Just a quick note on Geetika's post -

(First a note on my nomenclature - when I write "structure", I mean something for which experimental data has been obtained; when I write "model", I'm talking about things for which there is no direct experimental evidence - so no X-ray, NMR, Cryo-EM, etc).

 If the protein structure is in the PDB, this is a good idea. If it isn't in the PDB, then the AlphaFold DB is a good place to look (but it hasn't been updated as far as I know for over 2 years - so it doesn't have models of newer depositions to UniProt, for example). However, for novel sequences this is not an option, and some kind of modelling software is appropriate.

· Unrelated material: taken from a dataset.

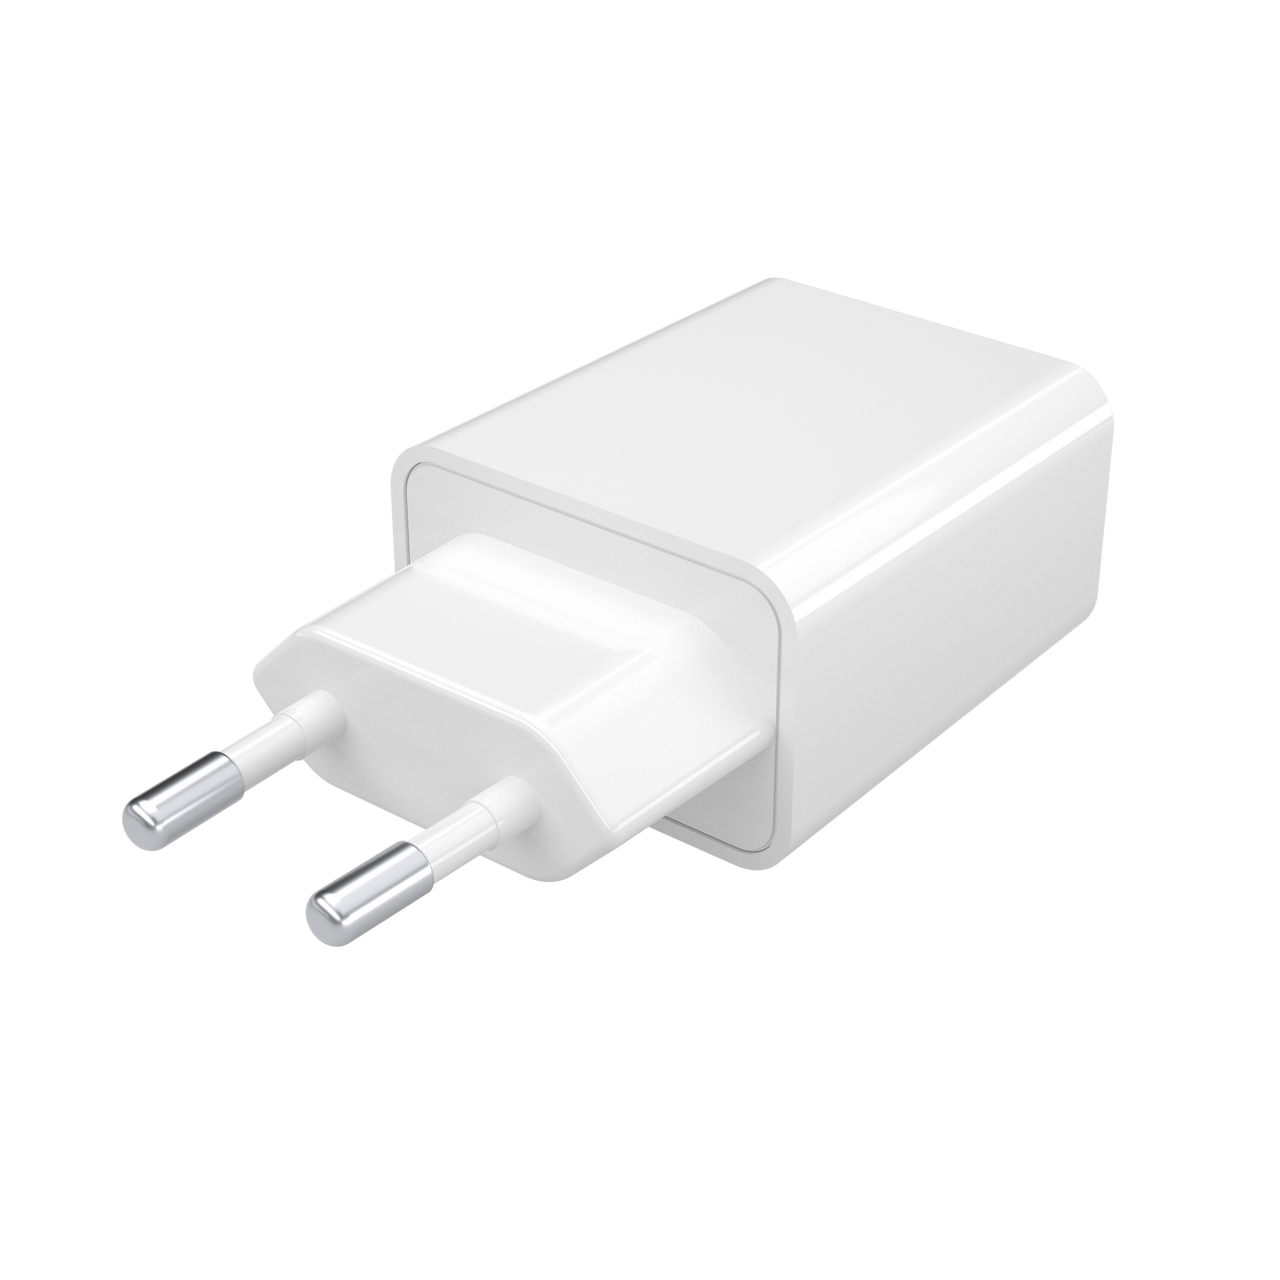 iPhone Fast Charger Kit - 20W PD Adapter & 1m USB-C to Lightning

Mostly, people don't use modelling tools like Phyre (or any of the others that Kamogelo mentioned in this thread) if there is a structure of their protein in the PDB - why would they bother with a model based only on the sequence when they can get a structure that has been built from experimental data (X-Ray, NMR, Cryo-EM, etc) that will in almost every case represent something much closer to reality? Even AlphaFold3 models (good as they are) are probably not as good as a moderately well solved and refined experimental structure. I don't have the figures to hand, but from memory, AlphaFold 2 models are generally considered to be about as accurate as a 3Å X-ray structure - so better than Max Perutz's original haemoglobin (~5.5Å) but considerably worse than John Kendrew's myoglobin (originally ~2Å), which readers may remember were the first two X-ray structures of proteins that were published.

Many of the modelling tools available will allow the user to base their model on an existing structure in the PDB or on a model from another source - e.g. Phyre2.2 has what we call "AlphaThread" which will use the model in the AlphaFold DB with the closest sequence to the user's as the basis for the homology model.